What is disruption?Disruption is something far more significant, especially for brands looking to set themselves apart in competitive markets.
Coined by current Harvard Business School professor Clayton Christensen in his 1996 book “The Innovator’s Dilemma: When New Technologies Cause Great Firms to Fail,” innovative disruption refers to the transformation of a product or a service in such a way that it makes it more affordable and more accessible to a wider audience.

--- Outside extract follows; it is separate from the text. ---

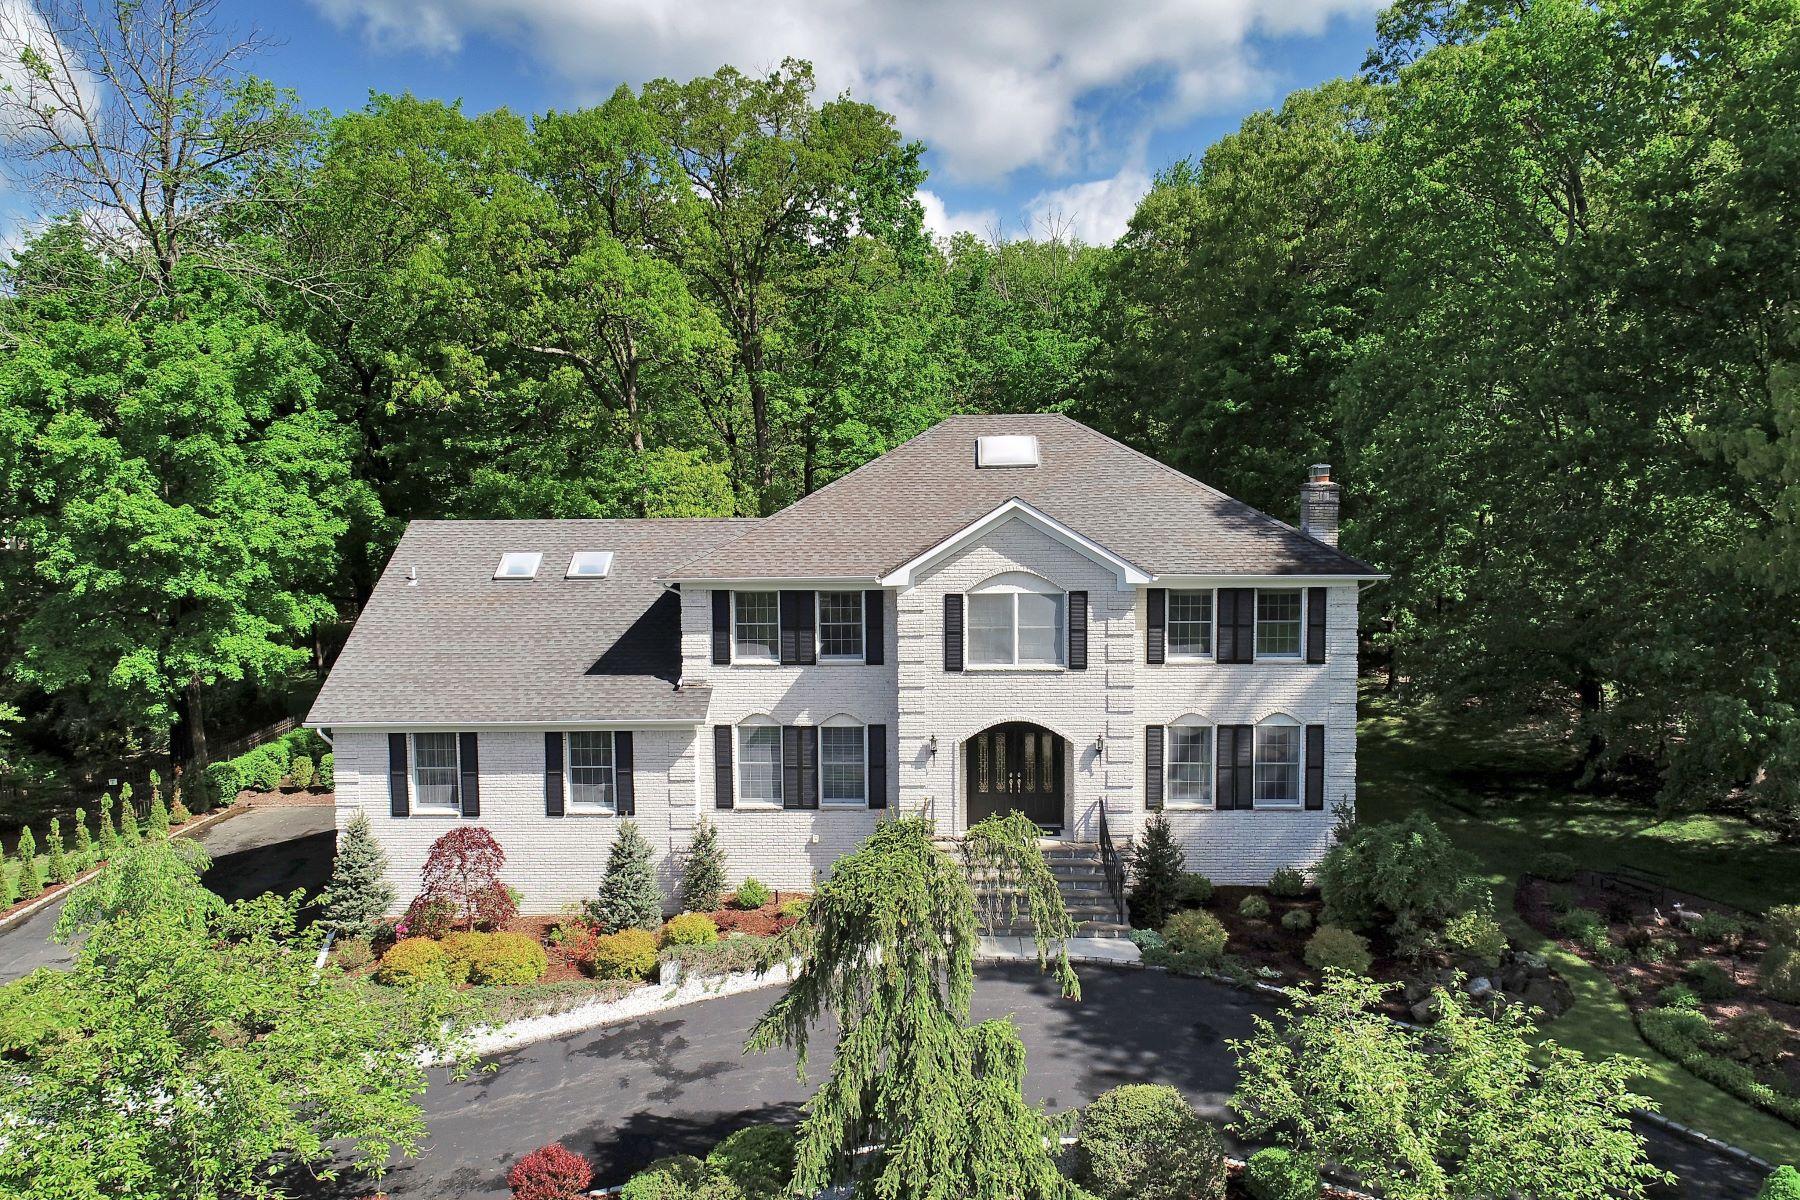 Single Family Homes для того Продажа на Outstanding Grand Colonial 10 Garrity Terrace, Pine Brook, Нью-Джерси 07058 Соединенные Штаты

These products start at the bottom, catering to a market that cannot afford the more expensive (and more popular) option. But, as in the case of the lure companies, by focusing on the bottom of the market, there is less competition and greater numbers who can afford the product.
One of the most prominent and most vivid examples of disruptive innovation is how smartphones disrupted the laptop market, which in the 1980s disrupted the desktop market, which itself disrupted the mainframe computer.
Disruptors enter the market at the bottom, where people or industries are being underserved, which is a result of the major players in a vertical choosing to go upstream and over-serve the market, often through added features and benefits people cannot use and don't need.
But while they continue to cater to the high end of the market, disruptors slide in and gobble up market share at the bottom, before moving upstream to challenge their biggest competitors as the former's products or services improve in quality, grow in popularity, and suffice as a viable option for even those with more discerning taste.